However, when looked at carefully, there seems to be little evidence to back up the claim that Ouija has literally driven thousands mad. Alan Murdie, chair of the Ghost Club, puts it succinctly, saying: ‘The view that Ouija boards are in some way dangerous only seems to have grown up since the mid-1960s with increased channelling and occult experimentation in North America; rather like rumours of Satanism and black magic cults, stories of harmful Ouija board experiments have entered into popular folklore and horror fiction. Solid examples – i.e. those with names, places and dates and corroborating evidence – are hard to come by’.14Murdie (2008), 21. If we look, for example, at a case involving a man drowning his dog, sceptics have pointed out that the man ‘seems to have now dropped his alibi and has pleaded guilty to causing unnecessary suffering to a protected animal’.15Skeptic Boot-Blog (2015).

This demonisation of the Ouija board seems especially to have occurred following the book and film The Exorcist,16Blatty (1972). publicised with some justification as the most terrifying book ever written.
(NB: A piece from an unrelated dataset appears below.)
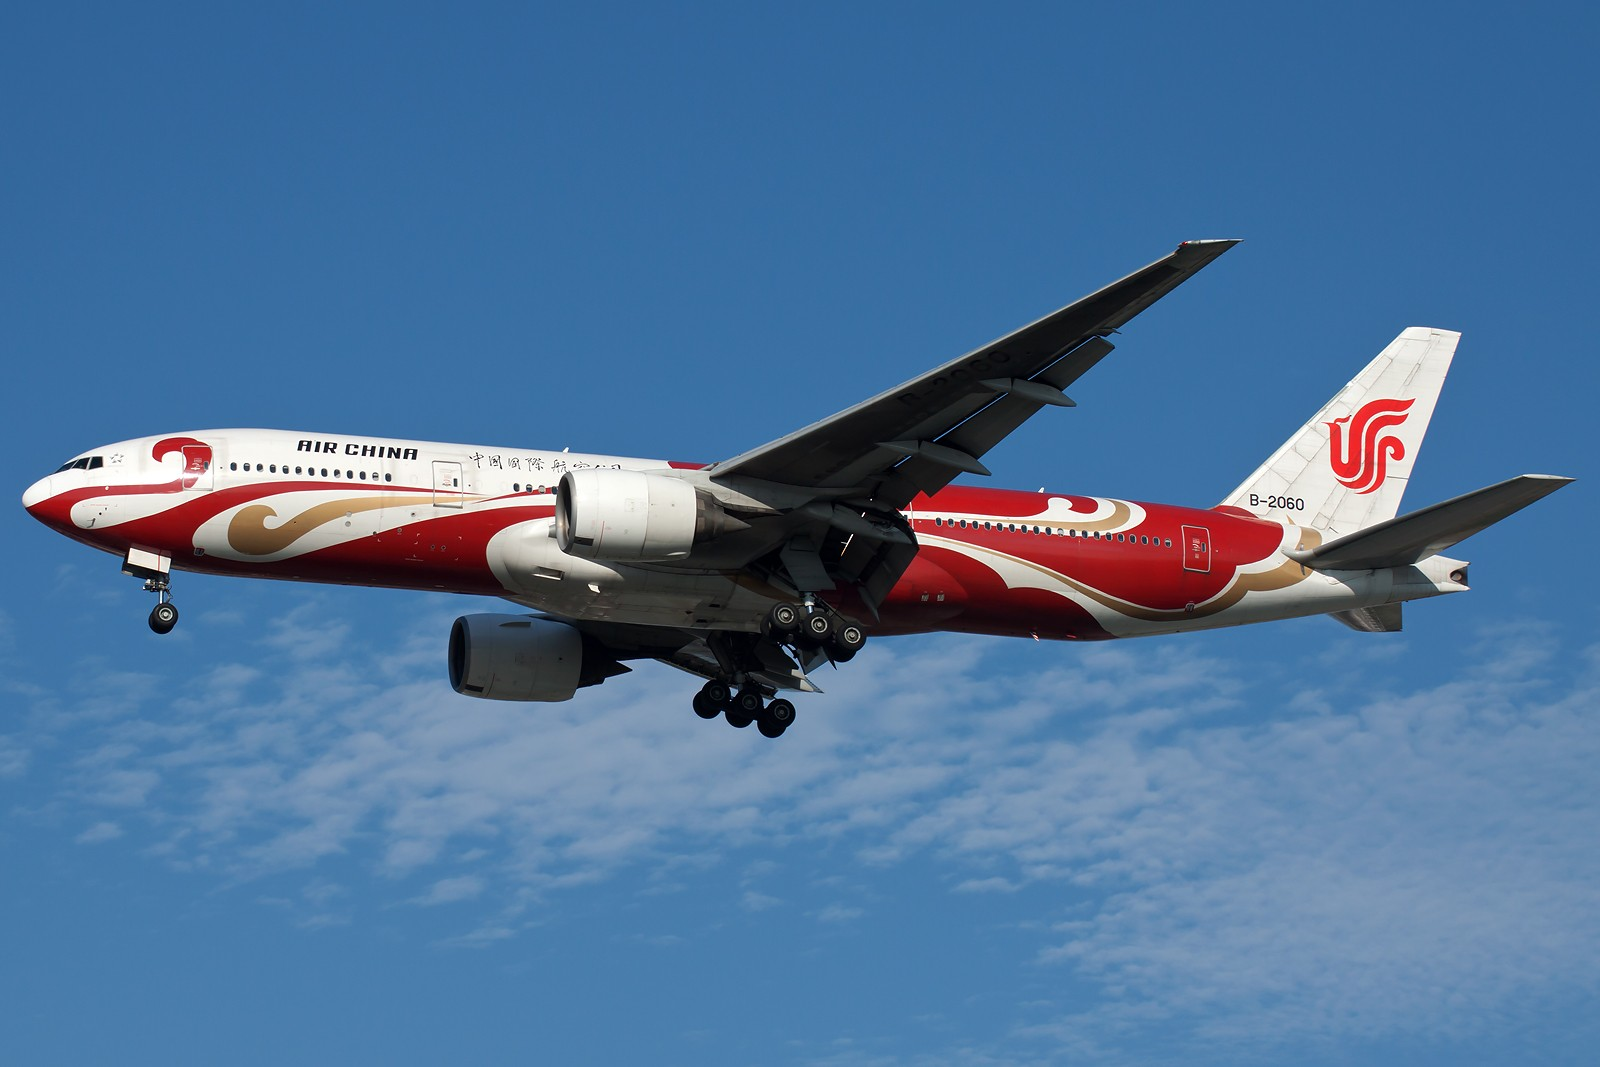 Re:[原创]再来10张 BOEING 777-200 B-2060 中国北京首都国际机场
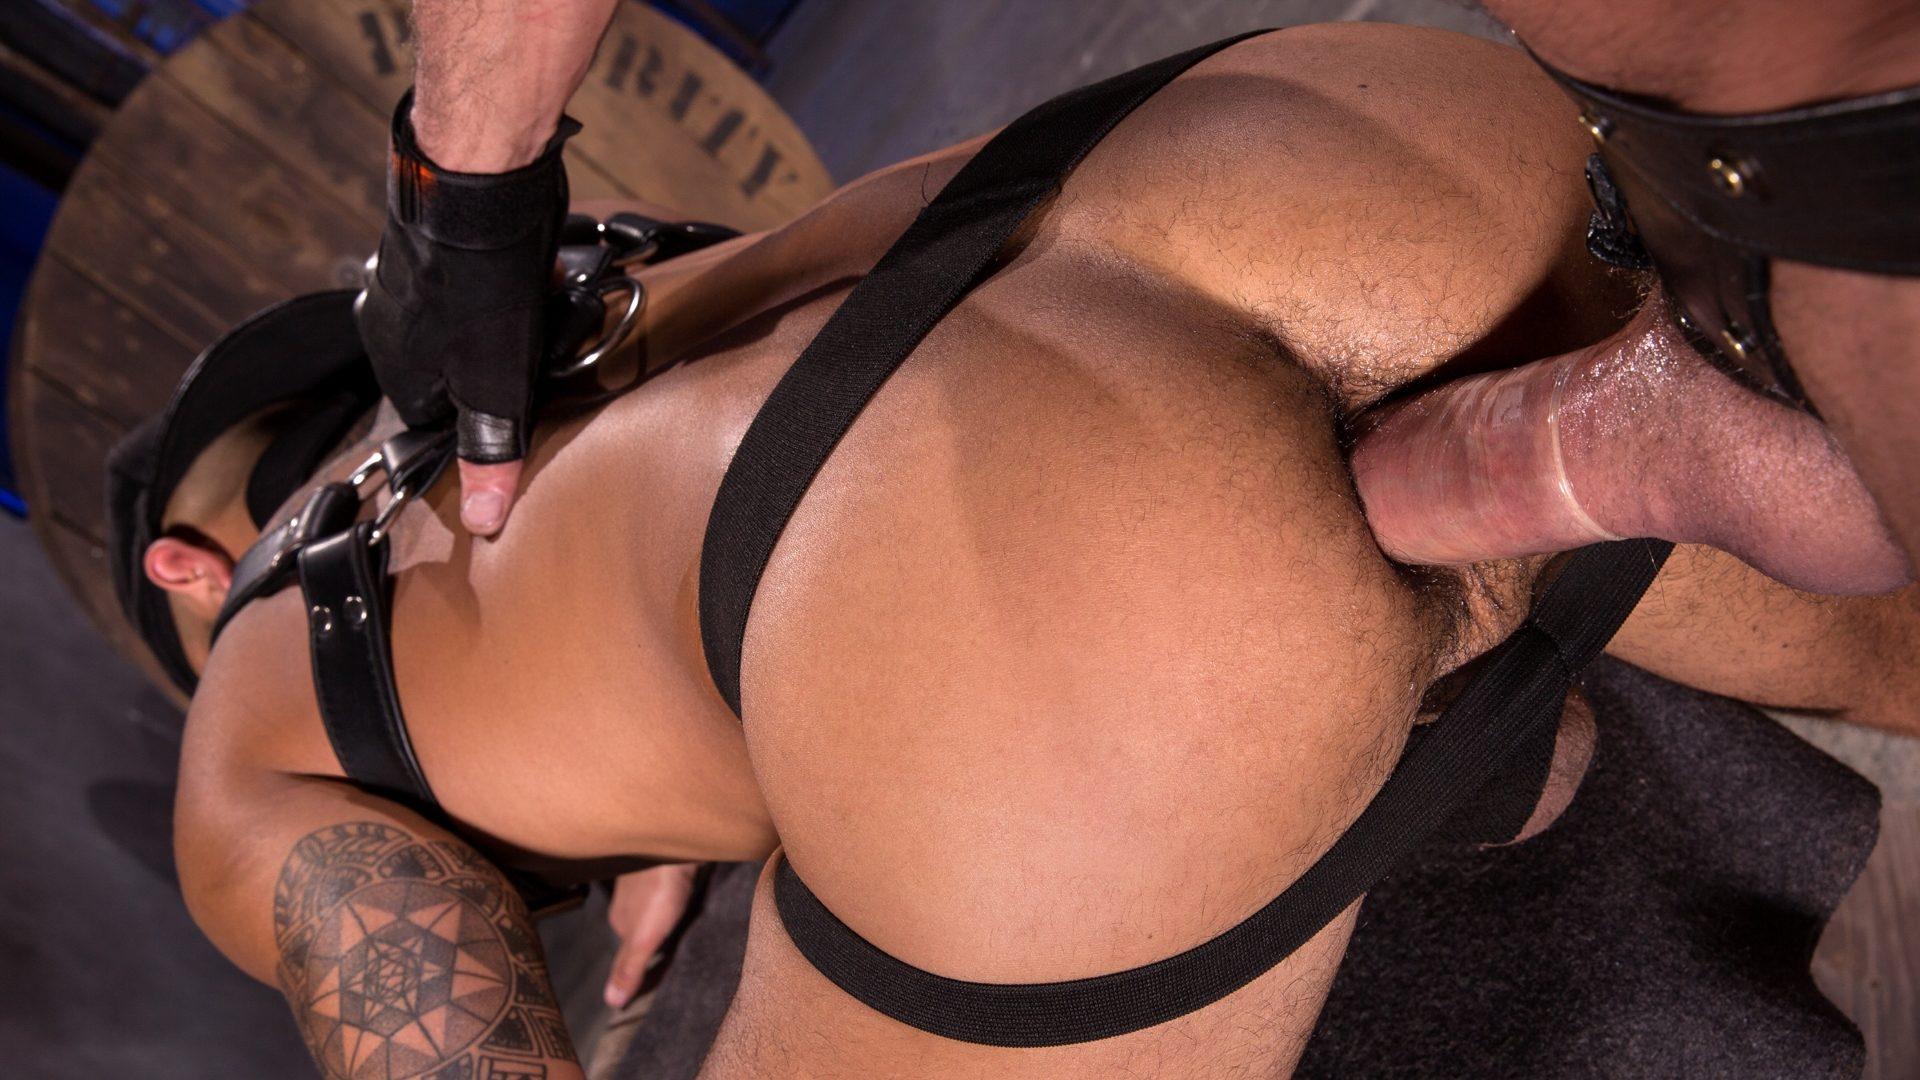 Leather Men: Myles Landon and Talon Reed – Part 2

The Ouija board’s inclusion in the book and film changed its public perception, this only six years after Parker Brothers bought the rights and in effect produced the Ouija board as a ‘toy’. It is likely the 2014 movie Ouija has had a similar but much smaller impact.

The Ouija Board as a Tool for Paranormal Investigation?

There is a strange switching of allegiances when this question is asked, in that those who fear the Ouija board tend also to be those who believe it actually works. For example, J. Godfrey Raupert, despite in general disapproving of its use, admitted ‘while much Ouija or planchette writing is automatic and natural, intercourse with the spirits can be established by these means … that in view of the abundant evidence, any other explanation would present greater and indeed insuperable difficulties’.17Raupert (1919), 234. What, then, is the evidence for the effectiveness of the board, and would it be evidence for an afterlife or possibly hidden powers within?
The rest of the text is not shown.